Discover the interview of Oluwatosin Samuel:
How did you become designer?
“My design journey started in a print shop in Nigeria. Right after high school, I interned there and found myself magnetized by a senior creative working in Photoshop. I was 16, with just a laptop and a torrent of curiosity. I’d sit beside him, watch, then go home and tear through tutorials, trying to recreate what I saw.
That hands-on, almost apprenticeship-style learning was my foundation. I moved from flyers to brand work, learning by doing. But looking back, the seeds were planted much earlier—I was always drawing as a kid, obsessed with the worlds and characters in cartoons. That early storytelling instinct never left; it just evolved.
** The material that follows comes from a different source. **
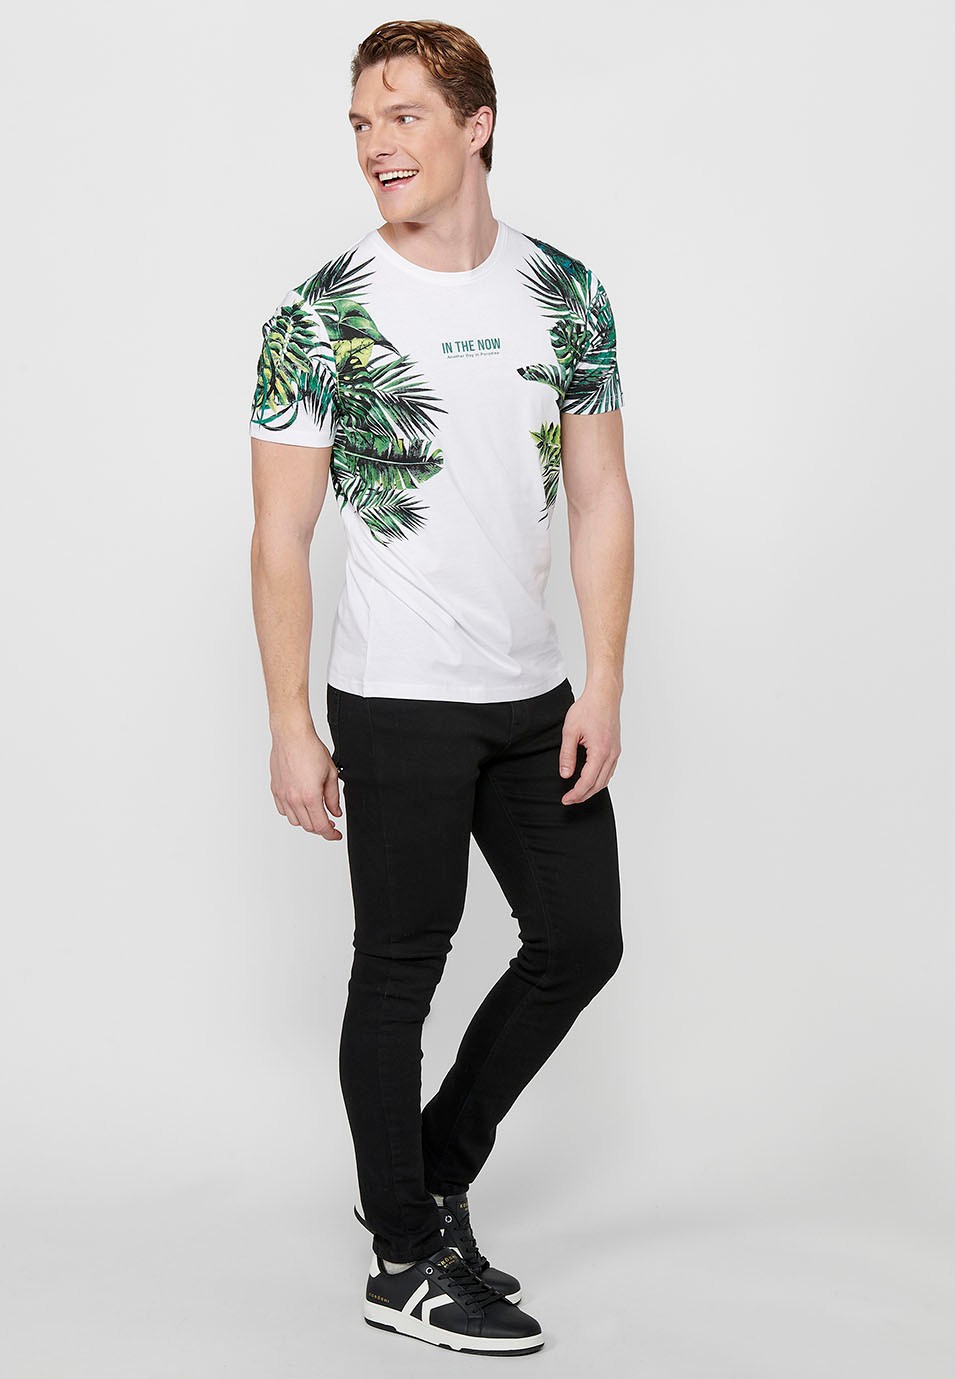 Camiseta de manga corta, estampado tropical y letras delanteras, color blanco para hombres

I initially dreamed of game development, even writing stories and designing characters. While my path didn’t go straight into games, that passion for building immersive worlds directly fuels my focus today on spatial design—like packaging and the AR/VR space. So in a way, I’ve come full circle: from imagining worlds as a child, to building them digitally as a designer.”
How would you define your vision of design, your style?
“My style is deeply influenced by that tactile, practical start in print. I believe in design you can feel—whether it’s the texture of packaging or the intuitive flow of a digital space. It’s purposeful storytelling. I aim to create work that’s visually clean and modern, but always with a layer of narrative and tangible human experience underneath. Growing up on cartoons and character stories taught me that every good design has a personality and a role to play.”
For the future, what are your professional projects?
“My north star is bringing physical sensation into digital experience. That’s why I’m steering my practice toward the AR/VR and spatial design space. I want to build immersive experiences that blend the storytelling of my childhood game concepts with the practical, human-centered design I learned through branding and packaging.storytelling through virtual objects
What do you like the most in your job?.
It’s the moment of materialization—when an idea moves from a sketch or a story in my head into something that occupies space, whether physical or digital. That magic never gets old. It’s the same thrill I had watching a design come to life in Photoshop in that print shop, or imagining a game world as a kid. I get to build the textures of people’s experiences, and that’s an incredible privilege.”